--- Given records Enclosed Below ---
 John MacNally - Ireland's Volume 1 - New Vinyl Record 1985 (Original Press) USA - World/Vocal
--- End of Enclosed Given records ---
--- Given records Enclosed Below ---
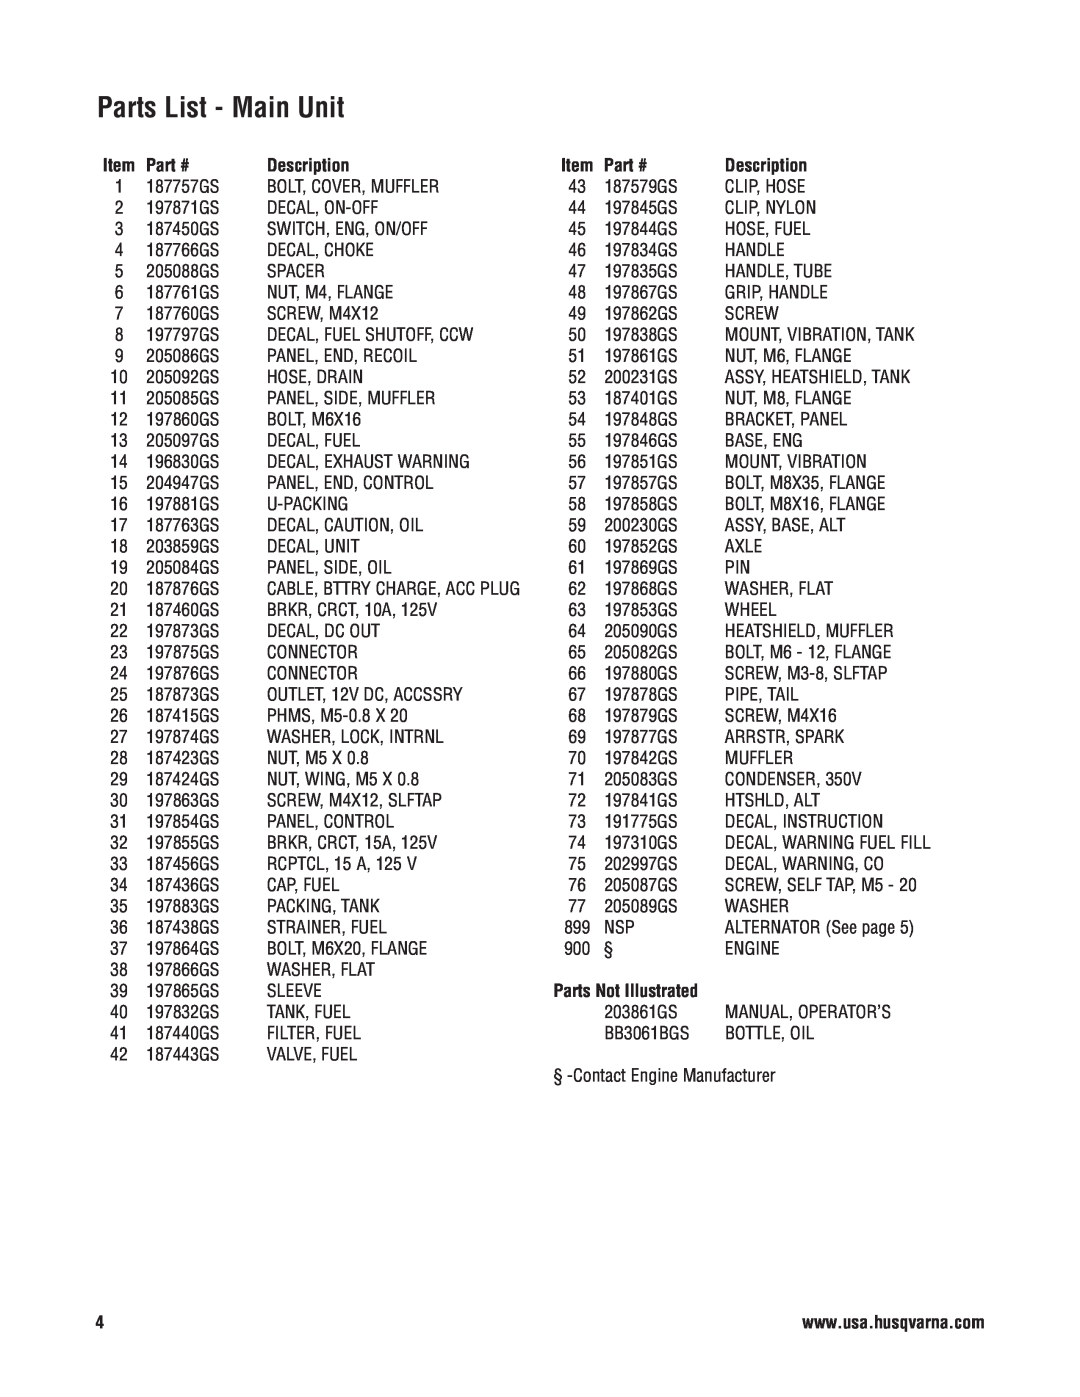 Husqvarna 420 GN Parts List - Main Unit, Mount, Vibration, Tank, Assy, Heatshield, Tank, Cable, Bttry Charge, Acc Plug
--- End of Enclosed Given records ---
--- Given records Enclosed Below ---
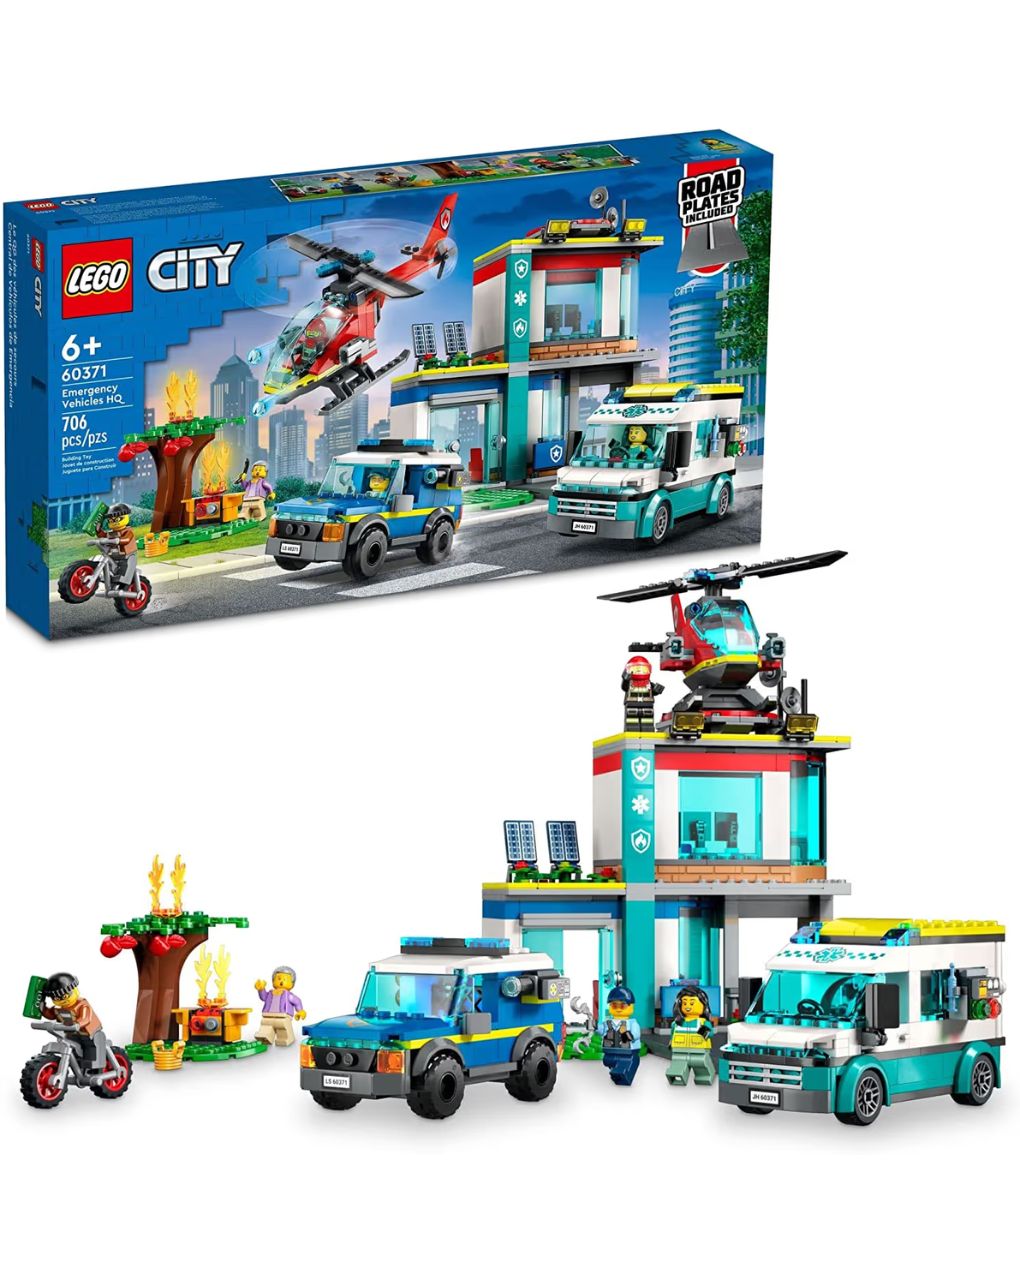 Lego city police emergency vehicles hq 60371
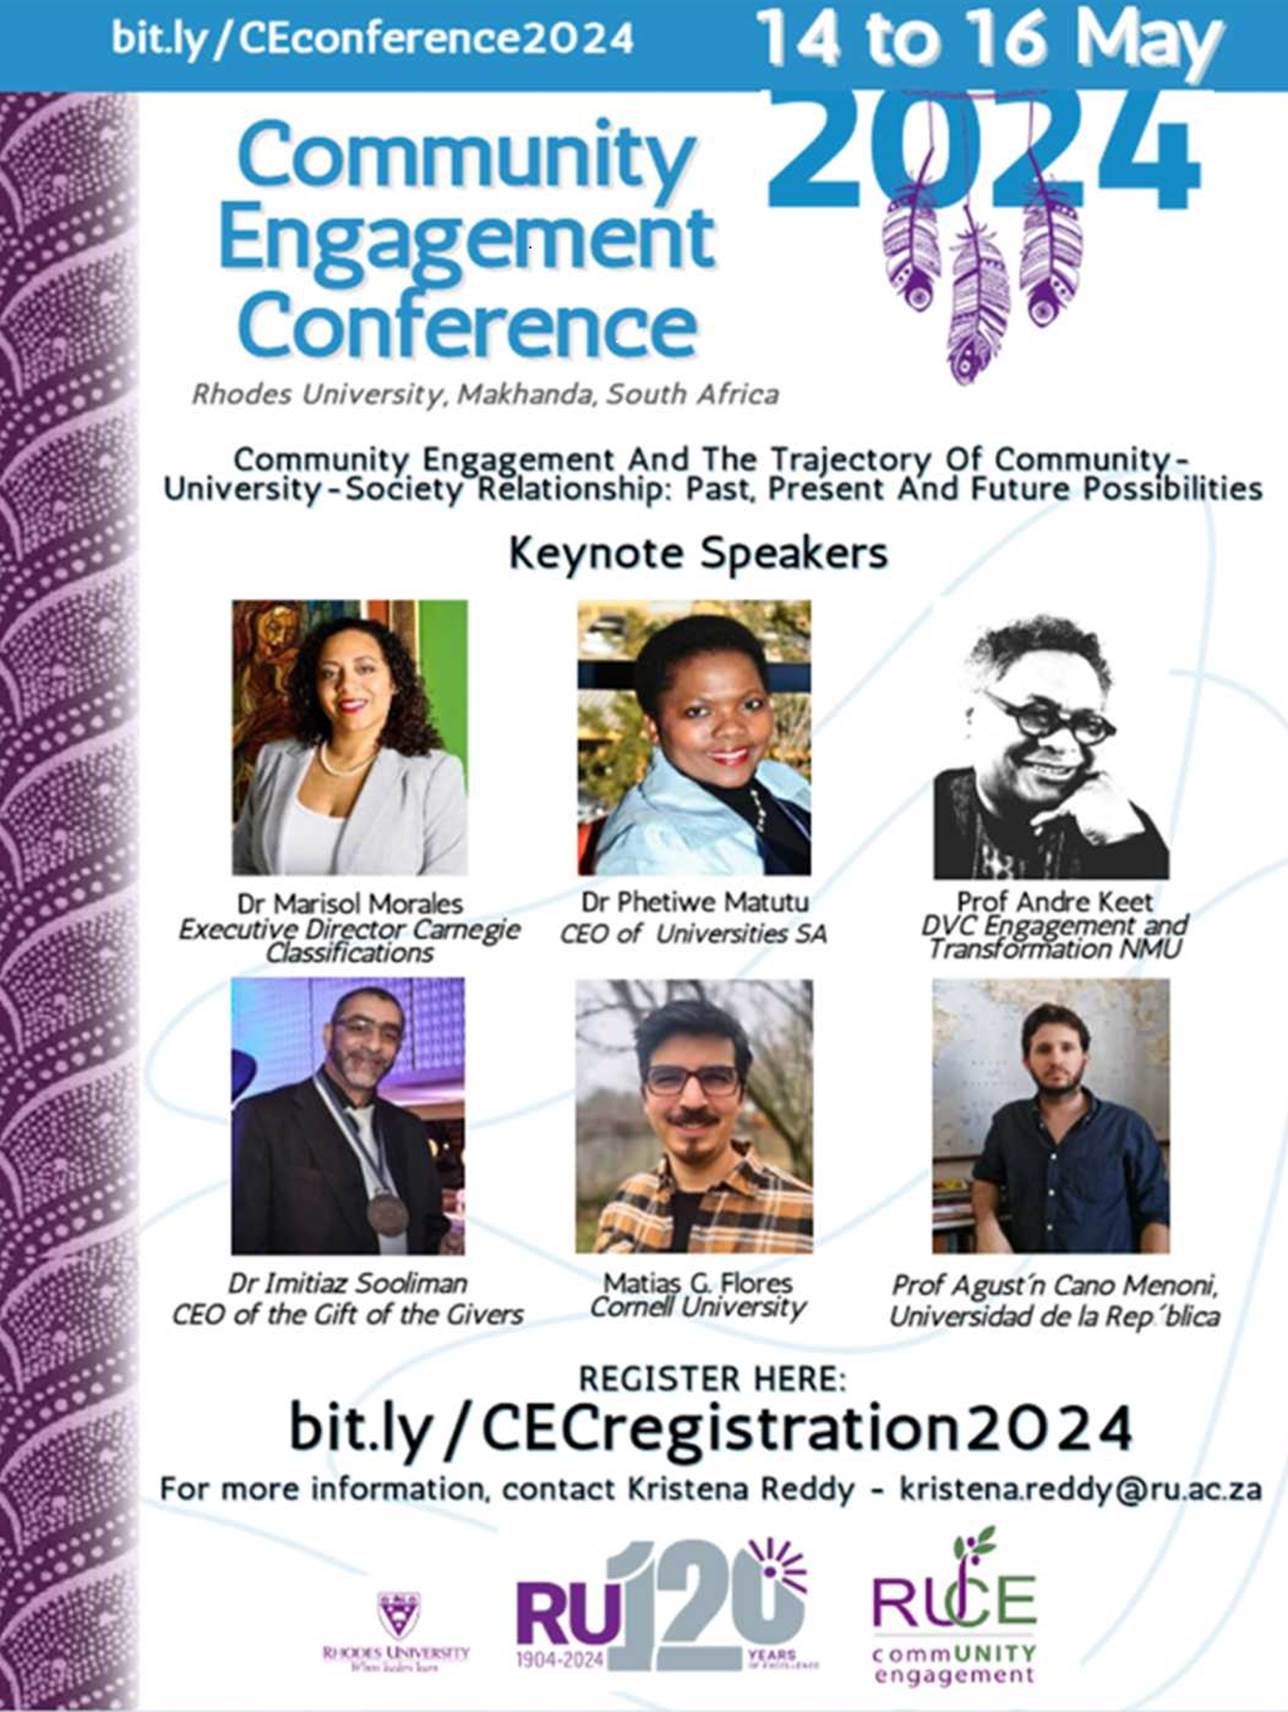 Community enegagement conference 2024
--- End of Enclosed Given records ---
**Task details**
Print, exactly, each line above from the one with "Lego city police emergency vehicles hq 60371" to the one with "Community enegagement conference 2024", end lines included. Leave pictures out of it.

**Answer to this problem**
 Lego city police emergency vehicles hq 60371
 Community enegagement conference 2024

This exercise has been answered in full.